Stored items:
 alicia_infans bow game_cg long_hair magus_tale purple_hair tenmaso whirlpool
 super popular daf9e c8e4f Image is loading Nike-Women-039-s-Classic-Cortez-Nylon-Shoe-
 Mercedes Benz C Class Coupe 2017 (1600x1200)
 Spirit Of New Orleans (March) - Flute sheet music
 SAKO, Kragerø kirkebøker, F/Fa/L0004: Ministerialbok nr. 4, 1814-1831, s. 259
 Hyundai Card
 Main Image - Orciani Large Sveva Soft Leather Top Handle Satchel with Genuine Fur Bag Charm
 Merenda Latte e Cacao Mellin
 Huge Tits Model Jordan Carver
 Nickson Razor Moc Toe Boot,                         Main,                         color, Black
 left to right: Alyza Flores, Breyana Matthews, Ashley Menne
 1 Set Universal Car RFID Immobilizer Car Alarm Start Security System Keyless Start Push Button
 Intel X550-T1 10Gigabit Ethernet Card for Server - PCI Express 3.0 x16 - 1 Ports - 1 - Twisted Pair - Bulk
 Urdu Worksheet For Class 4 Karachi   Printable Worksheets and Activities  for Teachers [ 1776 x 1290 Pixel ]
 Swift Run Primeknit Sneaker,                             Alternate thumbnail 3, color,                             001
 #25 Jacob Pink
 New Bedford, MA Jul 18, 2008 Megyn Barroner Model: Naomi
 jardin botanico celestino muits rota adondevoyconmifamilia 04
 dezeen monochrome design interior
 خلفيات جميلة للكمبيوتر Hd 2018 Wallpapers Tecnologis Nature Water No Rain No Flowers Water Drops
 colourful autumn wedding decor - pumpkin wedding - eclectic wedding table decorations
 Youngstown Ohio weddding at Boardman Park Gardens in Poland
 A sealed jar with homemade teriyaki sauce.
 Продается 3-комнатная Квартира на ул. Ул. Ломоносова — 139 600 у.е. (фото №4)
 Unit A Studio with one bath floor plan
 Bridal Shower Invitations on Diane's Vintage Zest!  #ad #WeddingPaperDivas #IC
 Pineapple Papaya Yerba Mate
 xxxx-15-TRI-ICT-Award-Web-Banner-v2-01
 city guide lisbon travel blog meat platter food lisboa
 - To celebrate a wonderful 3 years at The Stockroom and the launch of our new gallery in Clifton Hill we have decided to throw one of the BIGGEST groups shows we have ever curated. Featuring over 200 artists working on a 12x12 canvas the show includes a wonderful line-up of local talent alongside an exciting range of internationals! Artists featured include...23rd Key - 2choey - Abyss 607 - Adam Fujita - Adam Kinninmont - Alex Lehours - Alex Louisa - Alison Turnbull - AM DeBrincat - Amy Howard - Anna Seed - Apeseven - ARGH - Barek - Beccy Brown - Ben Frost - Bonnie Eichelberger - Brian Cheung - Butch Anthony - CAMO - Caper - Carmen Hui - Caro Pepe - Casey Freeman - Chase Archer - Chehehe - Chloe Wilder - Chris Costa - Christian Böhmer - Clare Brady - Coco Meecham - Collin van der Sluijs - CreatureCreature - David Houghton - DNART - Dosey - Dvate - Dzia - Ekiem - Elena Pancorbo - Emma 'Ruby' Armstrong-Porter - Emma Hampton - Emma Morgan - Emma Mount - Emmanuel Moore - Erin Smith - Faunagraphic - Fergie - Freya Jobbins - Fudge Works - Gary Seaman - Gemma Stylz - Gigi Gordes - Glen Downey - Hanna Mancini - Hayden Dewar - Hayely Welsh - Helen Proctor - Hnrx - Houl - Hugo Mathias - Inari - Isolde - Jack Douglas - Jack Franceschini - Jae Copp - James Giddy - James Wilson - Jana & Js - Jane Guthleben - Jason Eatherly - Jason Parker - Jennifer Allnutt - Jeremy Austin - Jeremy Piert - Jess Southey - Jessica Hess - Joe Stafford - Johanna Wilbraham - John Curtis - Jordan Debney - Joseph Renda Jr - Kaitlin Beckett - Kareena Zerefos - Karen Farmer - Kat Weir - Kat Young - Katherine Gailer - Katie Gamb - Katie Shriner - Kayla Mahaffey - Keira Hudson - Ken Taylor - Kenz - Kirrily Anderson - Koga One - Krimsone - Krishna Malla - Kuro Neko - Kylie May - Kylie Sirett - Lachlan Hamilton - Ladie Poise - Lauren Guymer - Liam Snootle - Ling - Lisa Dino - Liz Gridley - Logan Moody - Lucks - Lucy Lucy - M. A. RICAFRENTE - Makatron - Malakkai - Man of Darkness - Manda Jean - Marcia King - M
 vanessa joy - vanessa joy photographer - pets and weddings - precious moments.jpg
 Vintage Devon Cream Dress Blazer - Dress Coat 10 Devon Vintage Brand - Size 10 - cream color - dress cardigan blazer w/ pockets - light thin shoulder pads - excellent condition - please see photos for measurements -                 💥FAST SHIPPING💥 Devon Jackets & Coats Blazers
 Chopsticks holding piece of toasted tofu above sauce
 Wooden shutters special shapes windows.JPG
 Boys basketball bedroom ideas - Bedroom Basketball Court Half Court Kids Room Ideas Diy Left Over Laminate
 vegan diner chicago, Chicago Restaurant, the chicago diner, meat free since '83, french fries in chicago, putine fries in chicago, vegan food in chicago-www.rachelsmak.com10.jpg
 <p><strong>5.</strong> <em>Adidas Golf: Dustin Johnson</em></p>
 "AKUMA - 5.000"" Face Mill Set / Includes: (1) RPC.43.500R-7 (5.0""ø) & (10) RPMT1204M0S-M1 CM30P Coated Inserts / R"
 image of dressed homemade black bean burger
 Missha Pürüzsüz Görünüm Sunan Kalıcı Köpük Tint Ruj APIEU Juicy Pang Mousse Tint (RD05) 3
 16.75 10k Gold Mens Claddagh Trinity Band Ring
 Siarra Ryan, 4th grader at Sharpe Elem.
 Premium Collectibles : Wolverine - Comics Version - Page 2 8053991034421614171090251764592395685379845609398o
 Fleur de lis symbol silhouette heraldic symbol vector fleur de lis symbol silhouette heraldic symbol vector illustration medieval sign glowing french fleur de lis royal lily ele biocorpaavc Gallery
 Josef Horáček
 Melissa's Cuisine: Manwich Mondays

▸ What to do: As listed above, the lines from the line with "Продается 3-комнатная Квартира" to the line with "city guide lisbon" are to be echoed exactly, with both ends included and nothing added.

▸ Your solution:
 Продается 3-комнатная Квартира на ул. Ул. Ломоносова — 139 600 у.е. (фото №4)
 Unit A Studio with one bath floor plan
 Bridal Shower Invitations on Diane's Vintage Zest!  #ad #WeddingPaperDivas #IC
 Pineapple Papaya Yerba Mate
 xxxx-15-TRI-ICT-Award-Web-Banner-v2-01
 city guide lisbon travel blog meat platter food lisboa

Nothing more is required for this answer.